╭─ Dataset excerpt

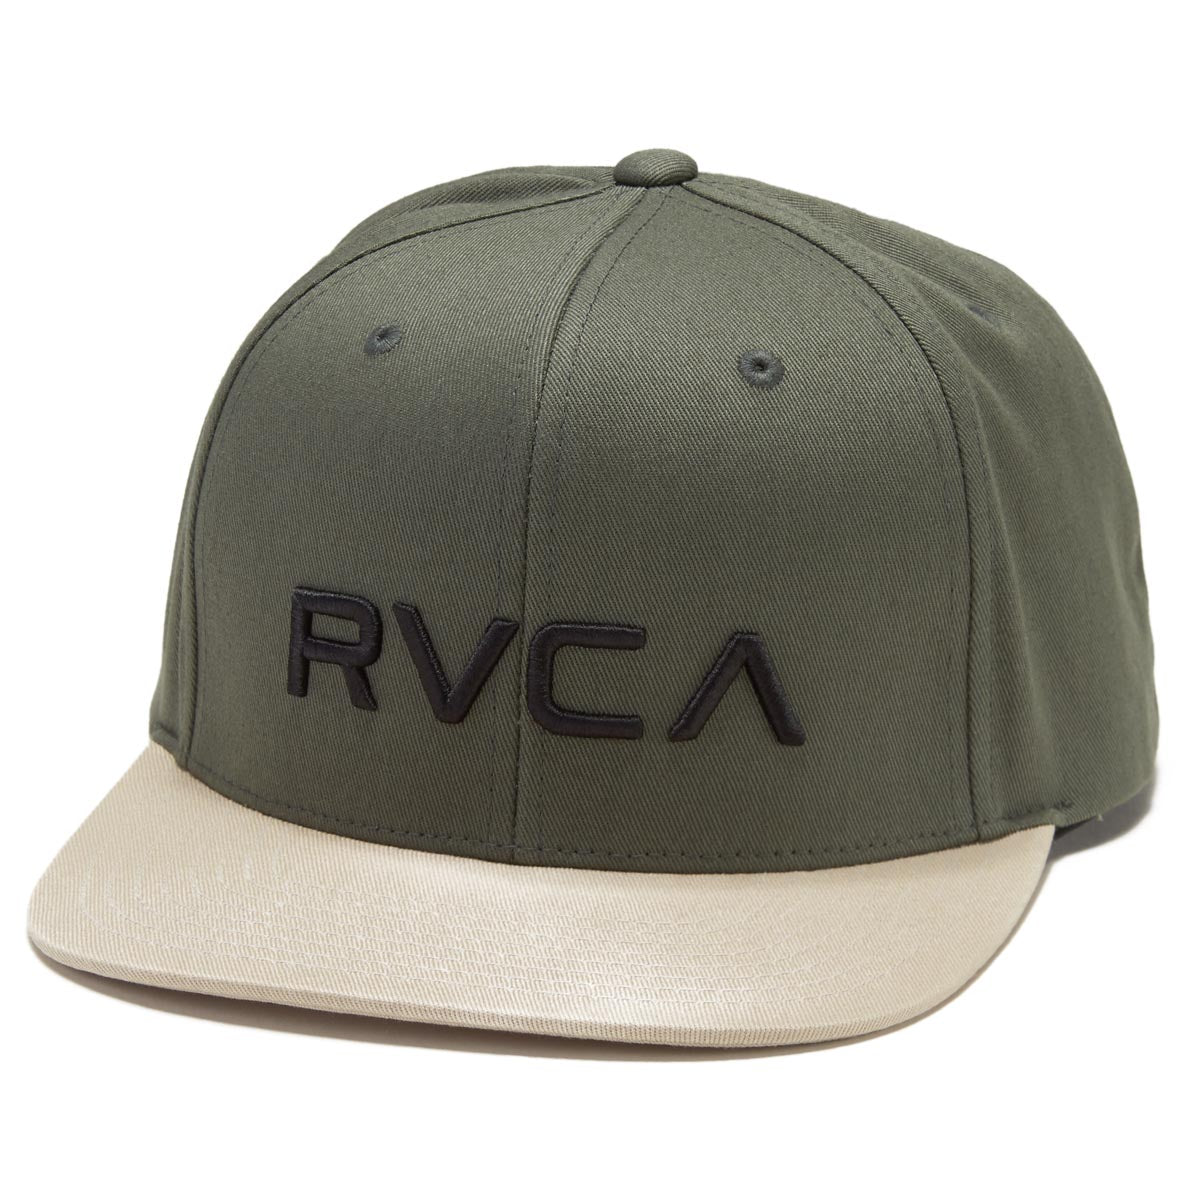 RVCA Twill Snapback II Hat - Green image 1
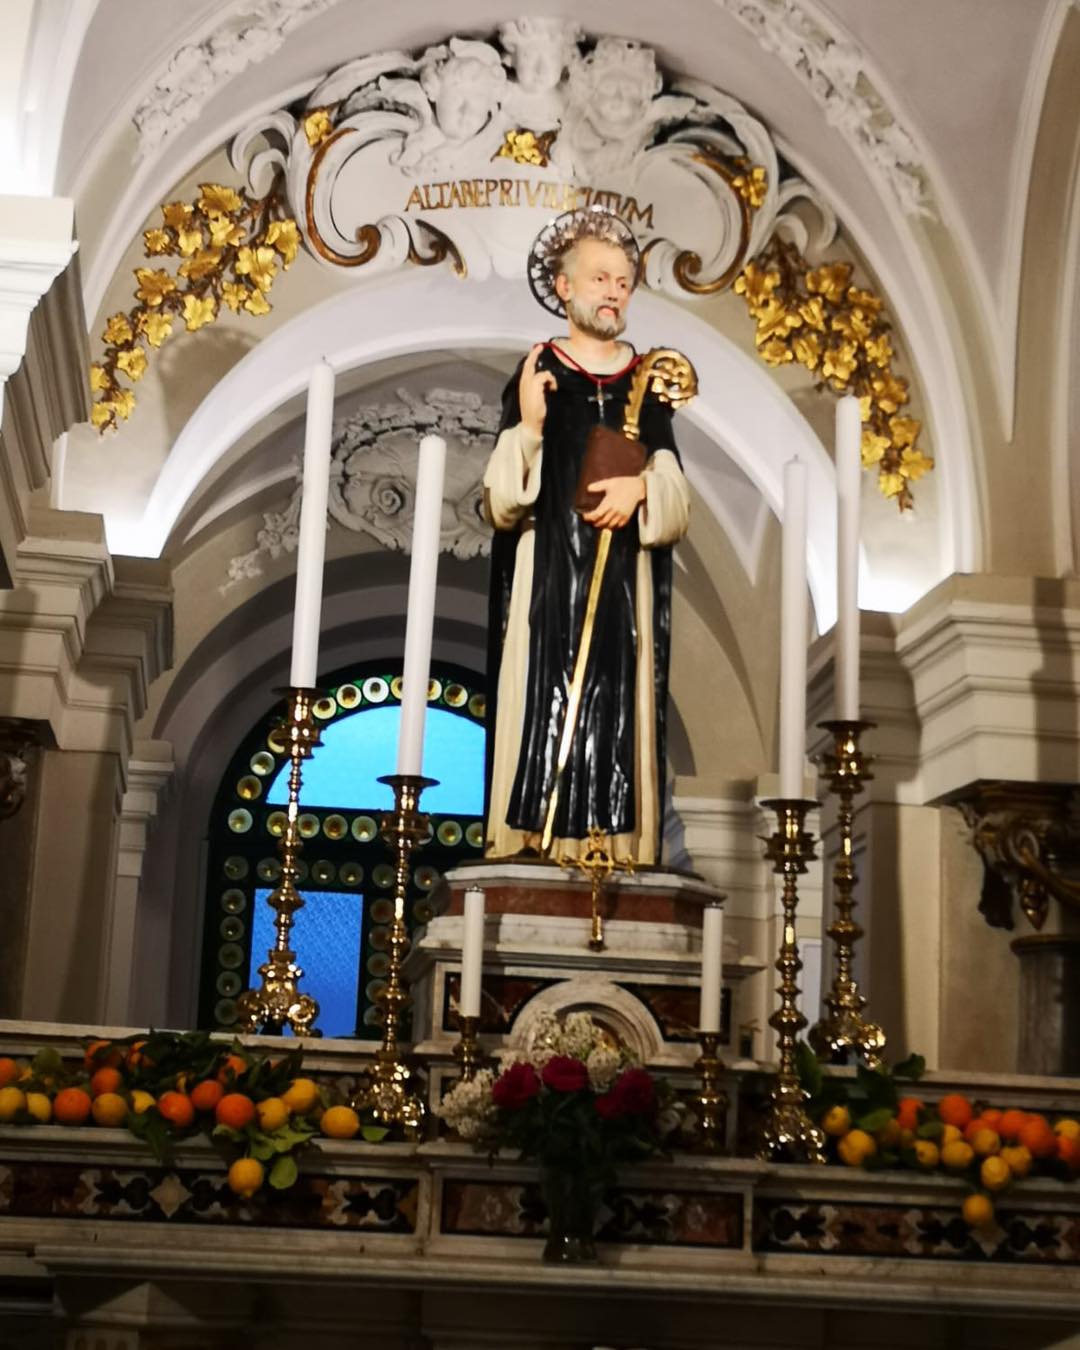 Statuta del Santo nella chiesa di Sorrento
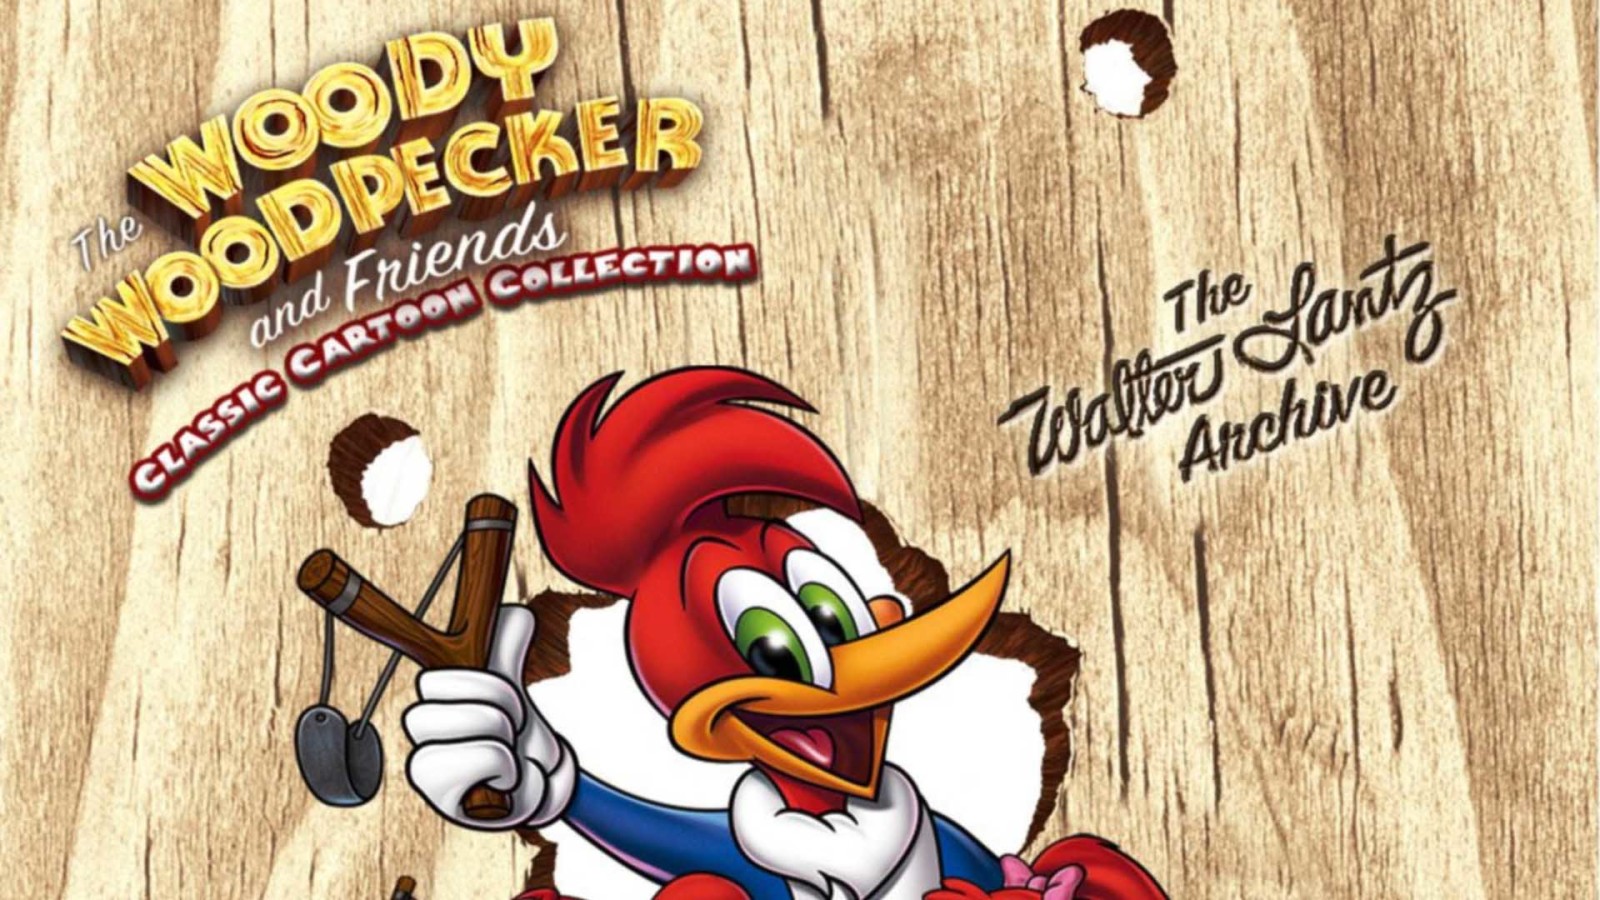 Woody Woodpecker Wallpaper Full HD For Desktop
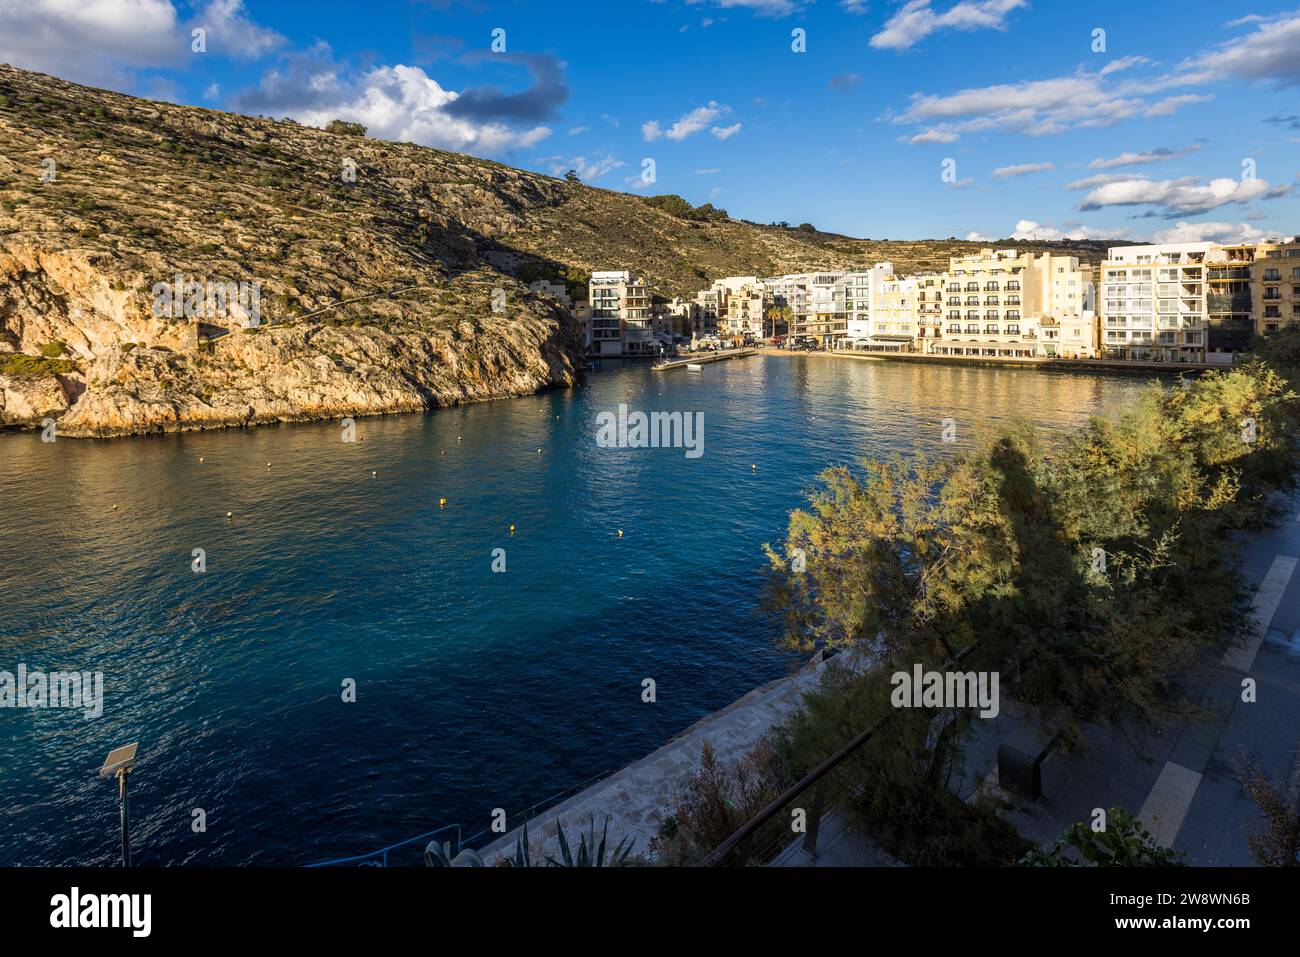 Der Hafen von Xlendi liegt in einer natürlichen Bucht. Xlendi, Gozo, Malta Stockfoto

╰─

Work request: The expected output is the exact run of lines from the one containing "Statuta del Santo nella chiesa di Sorrento" through the final line of the data above, both ends included, with no pictures.

Answer box:
 Statuta del Santo nella chiesa di Sorrento
 Woody Woodpecker Wallpaper Full HD For Desktop
 Der Hafen von Xlendi liegt in einer natürlichen Bucht. Xlendi, Gozo, Malta Stockfoto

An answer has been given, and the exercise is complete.